Влюбленный злодей — страница 14 из 31

– Что было дальше? – спросил я. – Вы просто вспоминайте и рассказывайте, хорошо?

– Ага, – охотно кивнула девушка и снова уставилась на меня, ожидая конкретного вопроса.

– Ну, давайте, рассказывайте, – поторопил я ее, – чего же вы?

– Когда барышня очнулись, то поначалу говорить совсем не могли, – начала Евпраксия. – Верно, горло у них заполохнуло, или язык со страху отнялся. Я бы, ежели такое со мной случилось, так, верно, совсем померла бы со страху… – Горничная чуть помолчала, представив, наверное, свое состояние после того, как на нее напали ночью, затем продолжила: – Я тогда спросила барышню: может, родителей ее разбудить да сюда позвать? Ну, то есть генерала с генеральшей, – пояснила Архипова для меня, будто я не знал, кто родители Юлии. – Но барышня покачали головой и прошептали так тихо, что я едва различила, мол, папеньку и маменьку будить сейчас не стоит, и что утром она сама им расскажет, что произошло. «А что же такое произошло»? – спросила я. И барышня мне рассказали, что к ним в комнату забрался этот, как его, Скабрезный…

– Скарабеев, – поправил я.

– …ага, он самый, – согласилась горничная, – и стал ее душить и всячески измываться над нею. Еще он хотел над ней снасильничать, но я стала стучать в дверь и его спугнула. Так барышня сказали. А еще сказали, что я их спасла…

– Так и есть, – заверил я Евпраксию.

Собственно, делать мне больше в доме Борковских было нечего. Конечно, надлежало для порядку еще расспросить генерала, но вряд ли Александр Юльевич расскажет мне что-то новое.

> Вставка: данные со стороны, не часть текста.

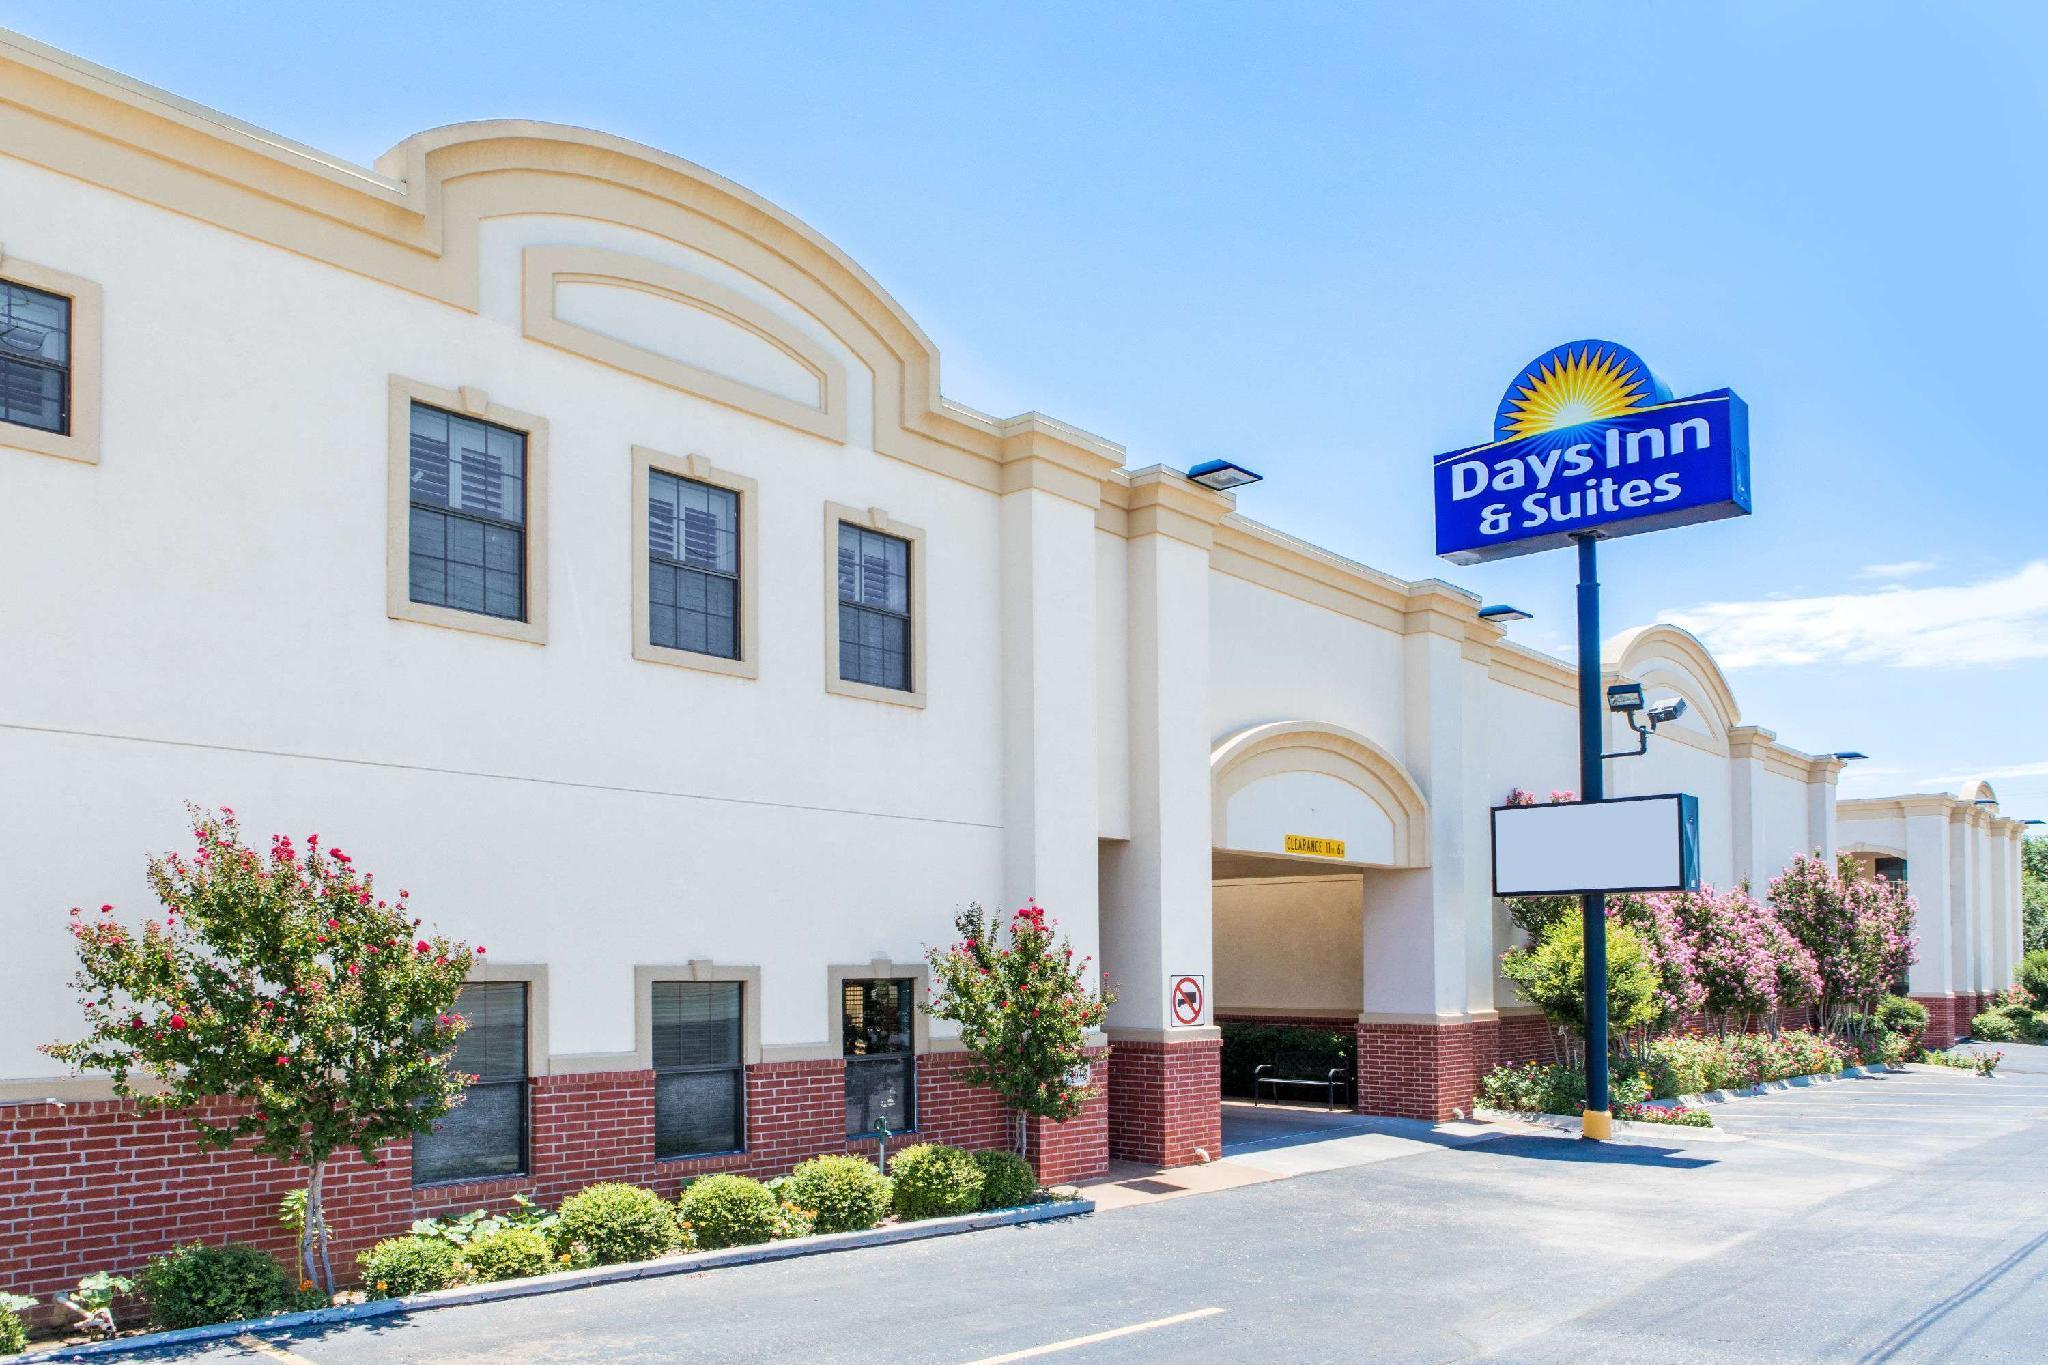 Days Inn And Suites By Wyndham Big Spring

А вот поговорить с доктором Мокроусовым касательно болезни графини Юлии Александровны и попытаться отыскать неизвестно куда подевавшегося лакея Григория Померанцева, практически изгнанного из дома Борковских за подозрение в преступной связи с поручиком Скарабеевым, следовало безотлагательно.

7. Нижегородский дом скорби

Психиатрическая клиника на углу Тихоновской и Провиантской улиц находилась в четырех кварталах от городского кремля.

Нижегородский Дом скорби представлял собой два одноэтажных особняка с мезонинами, что выходили фасадами на чистенький огороженный садик для прогулок с лавочками и небольшими сосенками. В одном доме было женское психиатрическое отделение, в другом – мужское. Именно в эту клинику переехало из старой Мартыновской больницы в мае тысяча восемьсот восемьдесят девятого года психиатрическое отделение. И в мае же появился новый заведующий клиникой – Петр Петрович Кащенко. Скоро он подтянул к себе своих учеников и сподвижников, среди которых был врач-психиатр и невролог Зиновий Федотович Мокроусов, возглавивший женское отделение клиники. С ним-то я и намеревался переговорить относительно заболевания Юлии Борковской.

За больничную ограду я прошел беспрепятственно, а вот чтобы ступить в женский корпус клиники, мне понадобилось показать свои бумаги и назвать причину визита то ли охраннице, то ли медицинской сестре, статью похожей на знаменитого «короля гирь» Петра Крылова. Более того, она еще и проводила меня сквозным коридором женского отделения клиники до самого кабинета Зиновия Федотовича и доложила ему обо мне.

– Вы можете войти, – сказала она мне, выходя из кабинета.

– Благодарю вас, сударыня, – ответил я и шагнул за порог.

Врач Мокроусов был типично докторской внешности: усы, клинообразная бородка, не очень ухоженная за неимением лишнего свободного времени; зачесанные назад волосы открывали высокий большой лоб. Из-под стекол пенсне на меня был направлен внимательный, все понимающий взгляд.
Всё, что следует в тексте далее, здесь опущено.